Let’s start with understanding how to make amendments to changes. This is useful to correct any mistakes you’ve discovered after commits have already been submitted into local repository. Also, amending your previous changes is required if you are working with a distributed code review system like Gerrit.

As you can remember, the actual commit objects residing in the repository are immutable and can’t be changed once you have created them. However, what we can do is come up with another set of commits, trees, and blobs, connect the new commits to the commit graph, and update the branch reference to point to the new set of commits.

This is illustrated on this diagram. Imagine we have a master branch which points to commit D. We have realized that we need to amend the last two commits: C and D. We use them as starting points for creating new commits, beginning from the oldest one—C. When we create this new commit we can optionally use a different parent commit for it.

After we have created the last new commit—D' in this case, we reset the master branch reference to point to it. Now although the old commits C and D are still in the repository, Git will consider them garbage at some point as they are not referenced by any branch.

Note that even if we didn’t change the trees of C' and D' compared to the original commits, but just reparented C, it will still be a different commit because the commit hash is calculated from entire commit contents which includes the parent reference. And since C' becomes a different commit with a different hash, D' is also different from D even if it still references the same tree.

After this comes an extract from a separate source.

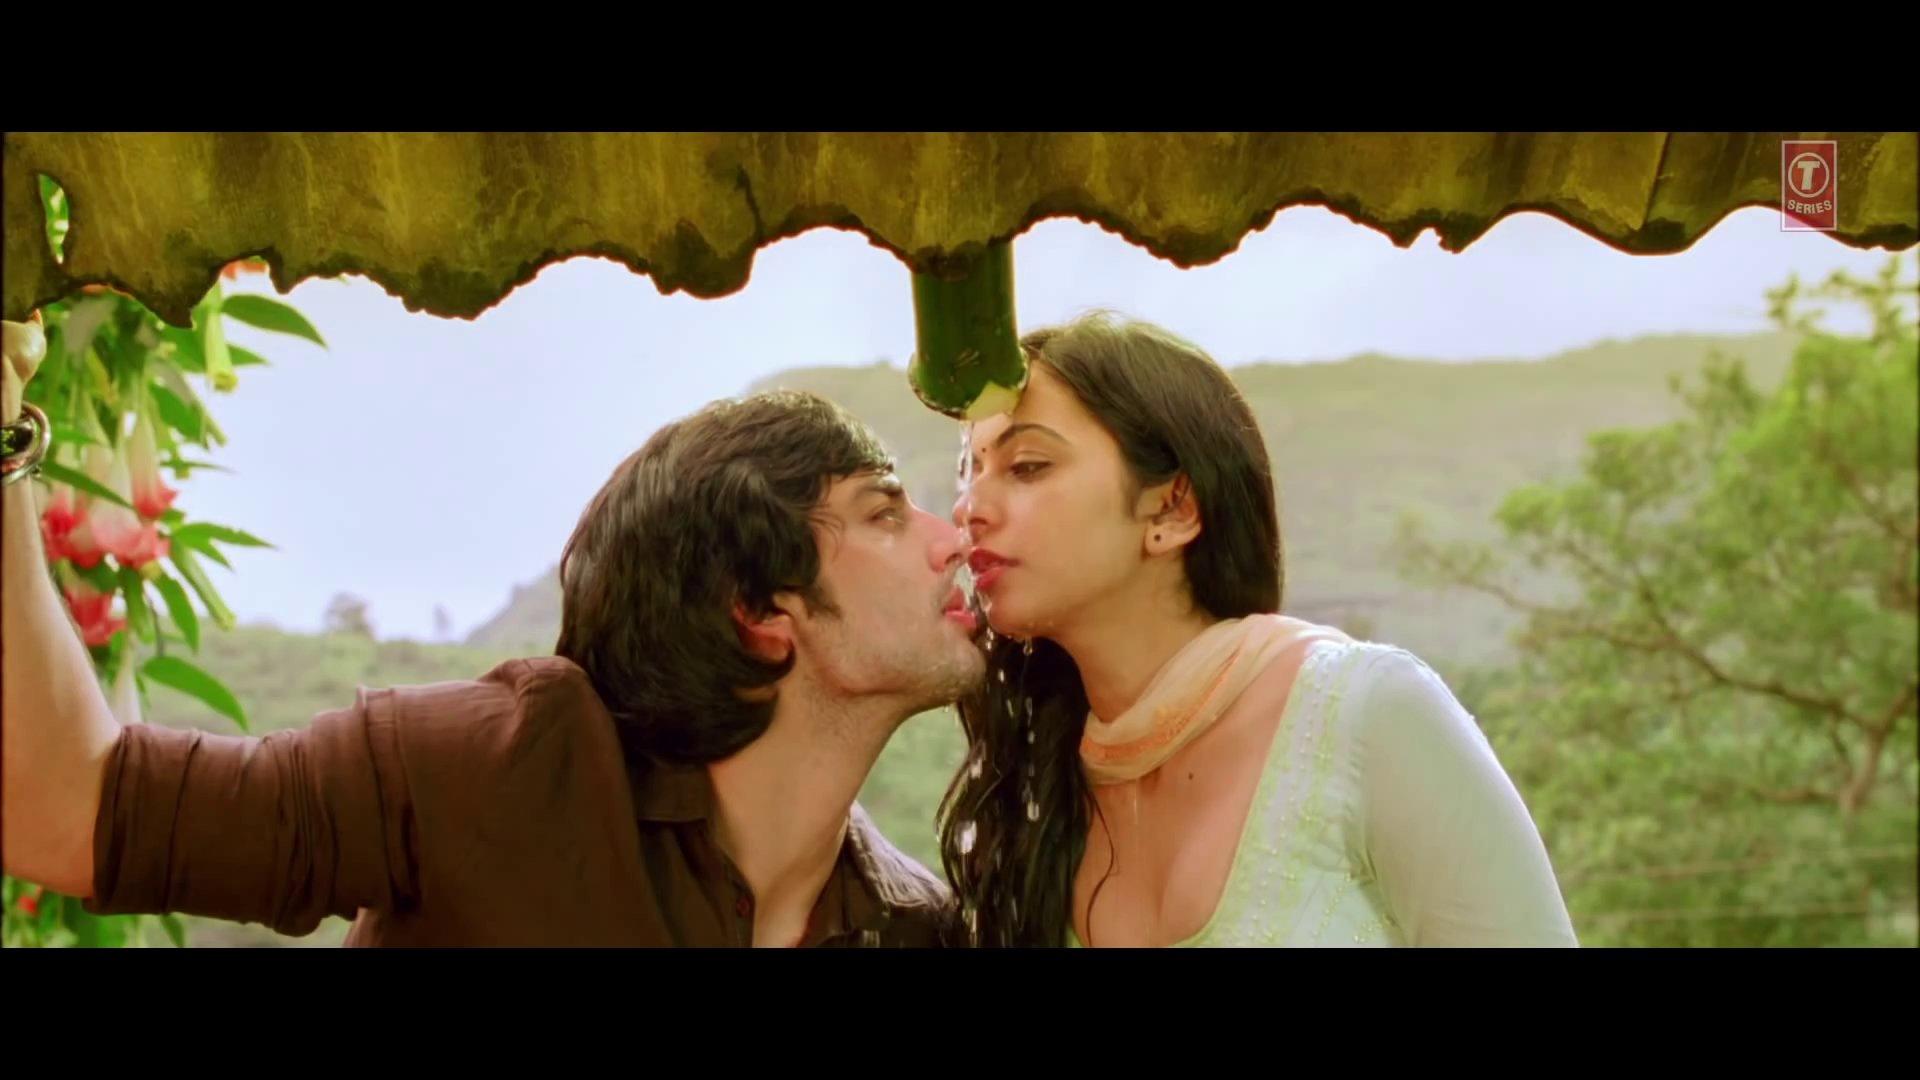 Hd wallpaper yaariyan - Yaariyan Drama Romance Bollywood 45 Wallpaper 1920x1080 378354 Wallpaperup

That was a generic case of history rewriting, let’s consider the simplest one—amending just the last commit. Git has a special option for the git commit command, which is called --amend. If you haven’t staged any changes, executing this command will only result in updating the commit message of the last commit. If you have staged any files, they will replace corresponding files in the last commit.

As always, you can skip the intermediate step of staging by passing the -a option together with --amend.

And this is an illustration of what happens when you amend the last change. The tree of the commit may change or it may stay the same. The commit itself changes if you change the commit description. The parent of the amended commits stays the same. Your current branch gets updated to point to the new commit object.

Let’s consider a more interesting example of amending commits. Imagine we were developing two features: X and Y in dedicated branches, and now want to integrate them into a single branch.

As we mentioned earlier, one way of doing that is to create a merge commit. If that is not an option, then we can take the changes specific to one of the branches and replant them onto another branch.

This is how we do that using git rebase command. Imagine we decided to take the changes from the featureX branch and rebase them onto the featureY branch. For that, we make the featureX branch current, then we provide git rebase with the identifier of the change that ends the commit chain, in this case this is commit B, and the destination branch: featureY.

What happens next is Git takes the commits from that chain and, one by one, plants them onto the destination branch. Then it updates the branch reference. Note that the current branch remain the same after rebasing, thus the HEAD meta-reference doesn’t change.

Here is another practical example of rebasing, this time using a tracking branch. This scenario happens when you are working on a branch which is being changed in a remote repository by someone else. Recall that by default when you do a git pull Git merges your local changes with remote changes. Instead we can do a rebase by specifying --rebase argument. In this case git will automagically rebase your local changes on top of remote changes. Here is how this happens.

To demonstrate what happens, let’s do the same that git pull --rebase does, but this time manually. First we sync with a remote repository using git fetch. By comparing positions of the tracking and upstream branches, Git can find out that there are 100 new changes happened upstream, and we have a couple of changes, too. This is in fact the same situation as we have considered earlier with two features. The only difference is that this time one of the branches is a remote branch reference.

Now we do a rebase. We don’t have to specify the fork point and the destination branch to git rebase this time, because Git assumes we are rebasing onto the upstream branch, and it can figure out the fork point itself. After rebasing we have our changes on top of the changes from the upstream, as expected.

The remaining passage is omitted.